***** Collected data

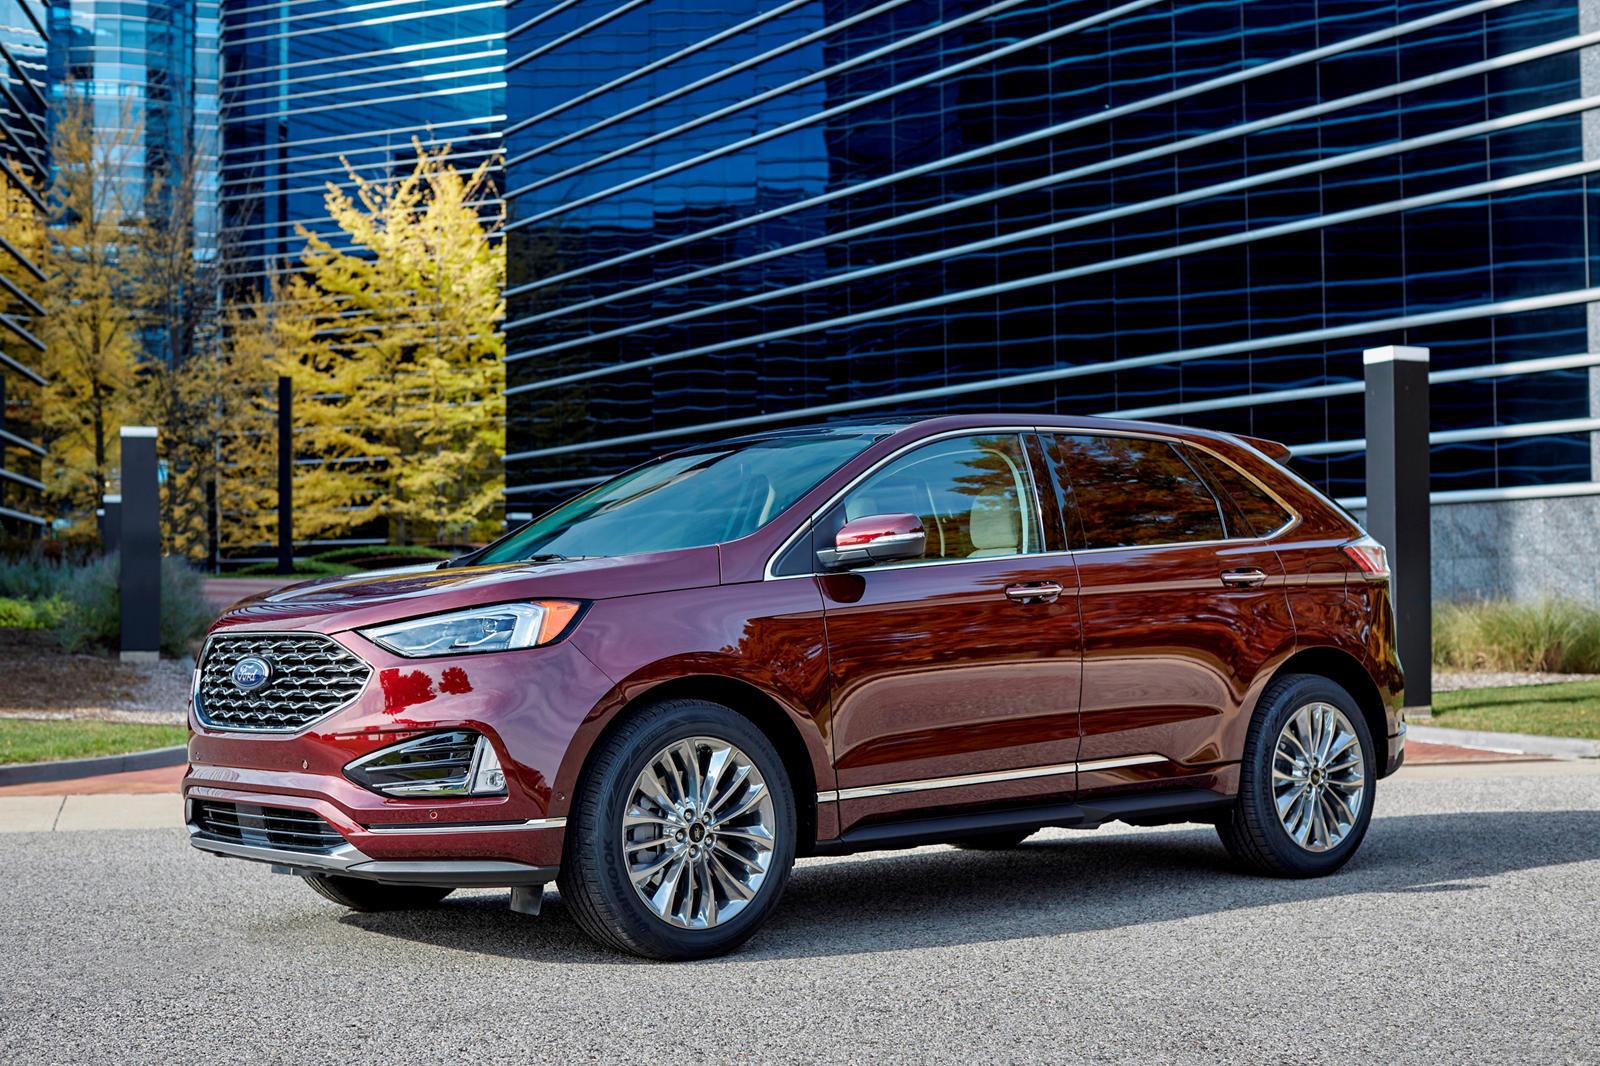 В течение нескольких месяцев мы знали, что Ford работал над чем-то вроде кроссовера, похожего на универсал, и вот он. Ford Evos, дебютировавший на Шанхайском автосалоне в этом году, первый автомобиль, который автопроизводитель разработал в основном в
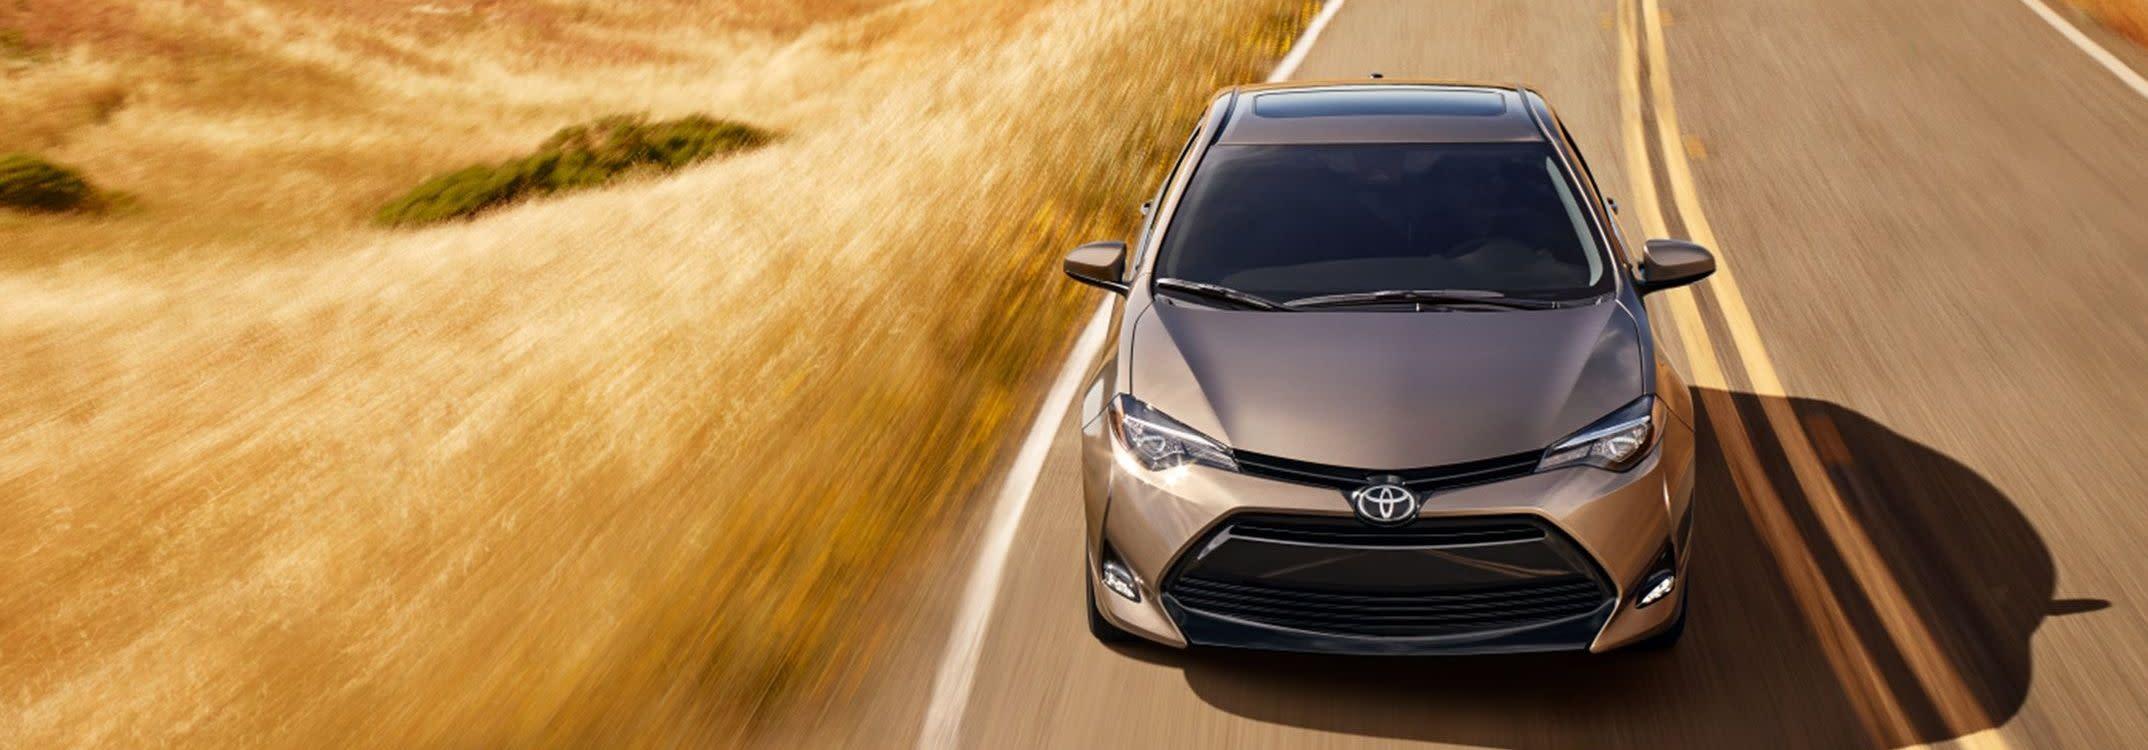 Toyota Corolla Repair Manual: Adjustment
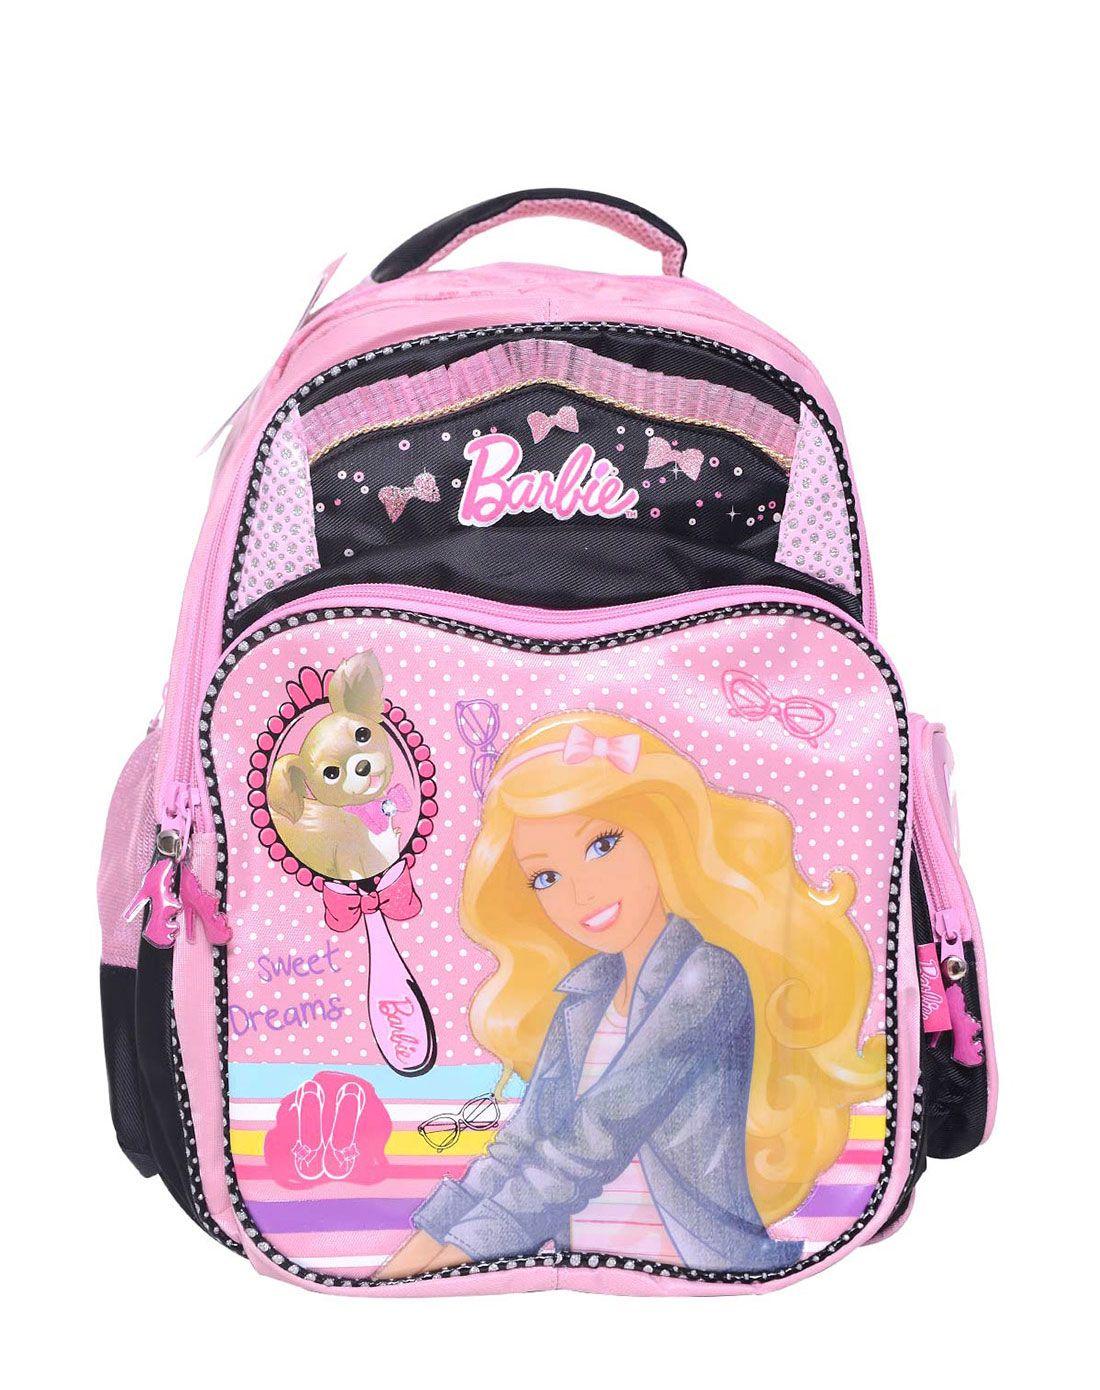 小公主开学必买文具书包专场芭比卡通书包(大)bbsg-2
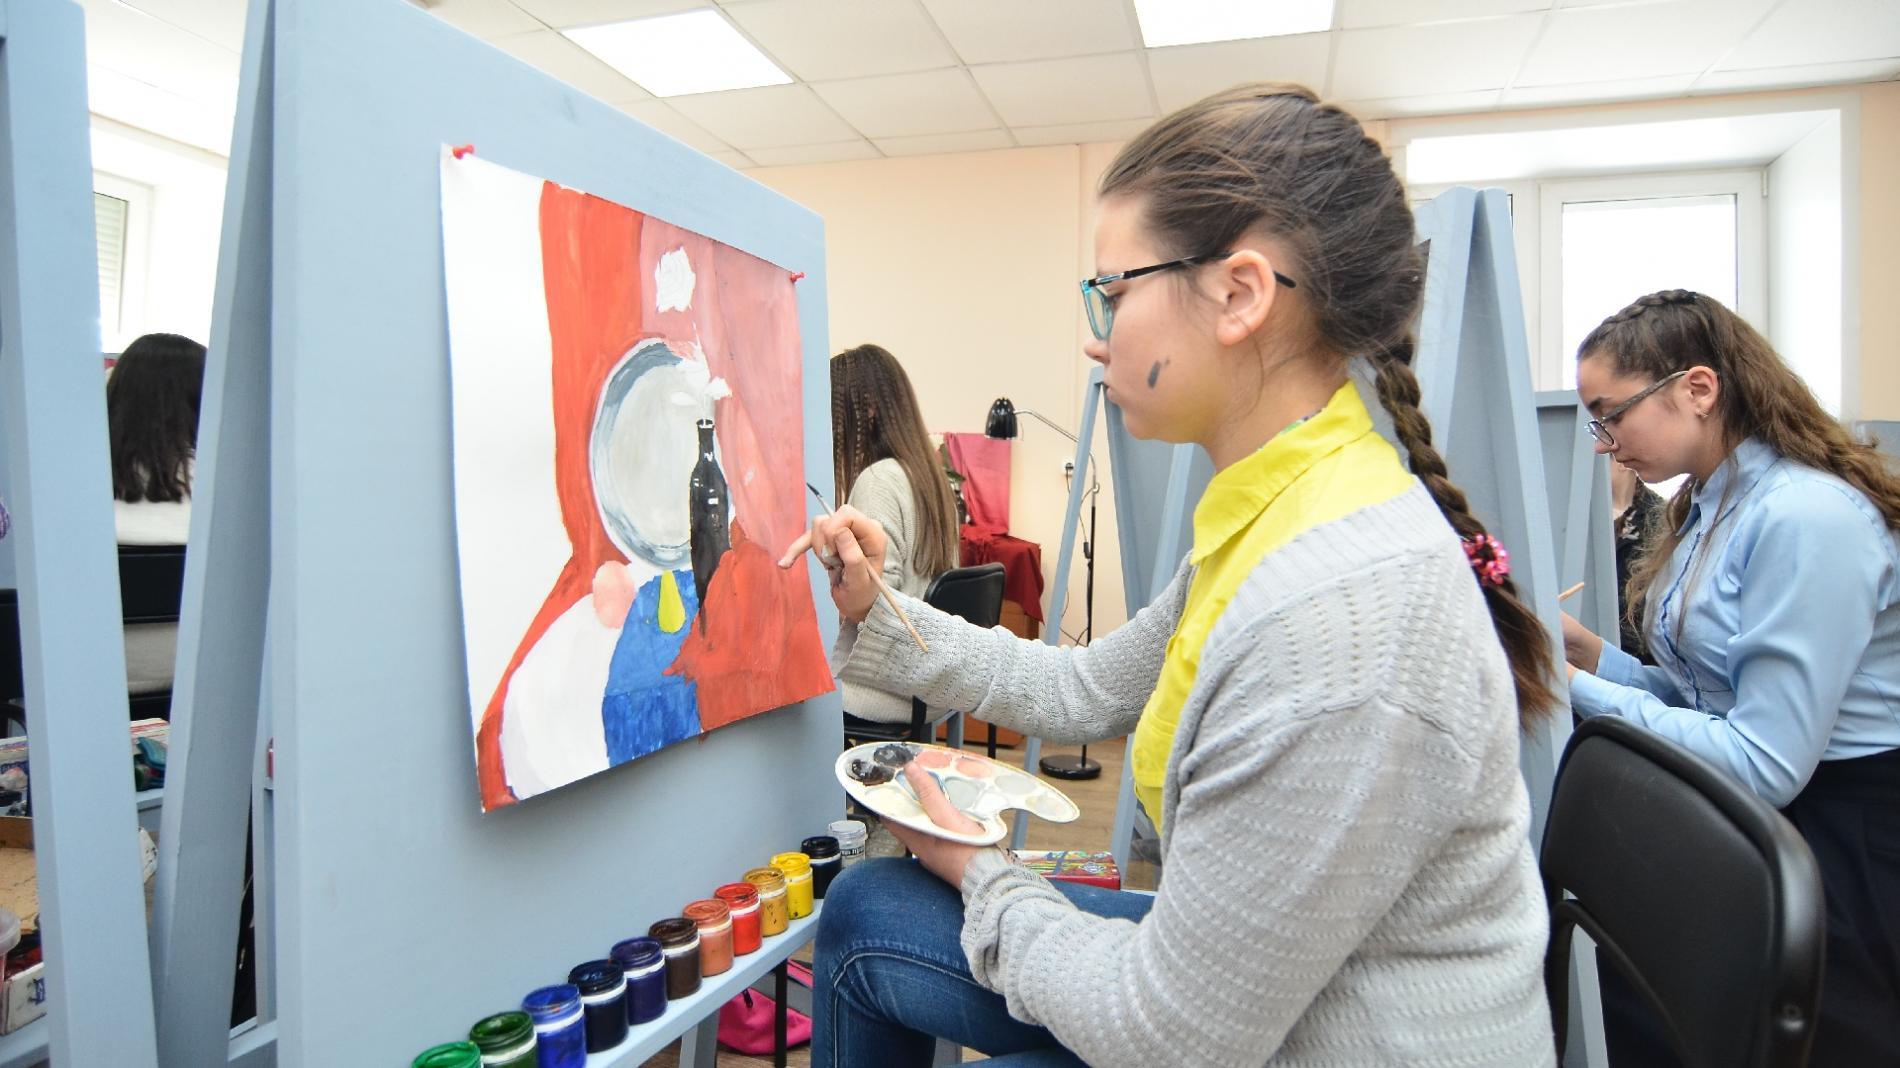 Воспитанницы «Арт-идеи» смогут поступить в престижный университет Санкт-Петербурга без вступительных испытаний

**********

The output should be the material above, copied exactly, without its pictures.

Answer for the task:
 В течение нескольких месяцев мы знали, что Ford работал над чем-то вроде кроссовера, похожего на универсал, и вот он. Ford Evos, дебютировавший на Шанхайском автосалоне в этом году, первый автомобиль, который автопроизводитель разработал в основном в
 Toyota Corolla Repair Manual: Adjustment
 小公主开学必买文具书包专场芭比卡通书包(大)bbsg-2
 Воспитанницы «Арт-идеи» смогут поступить в престижный университет Санкт-Петербурга без вступительных испытаний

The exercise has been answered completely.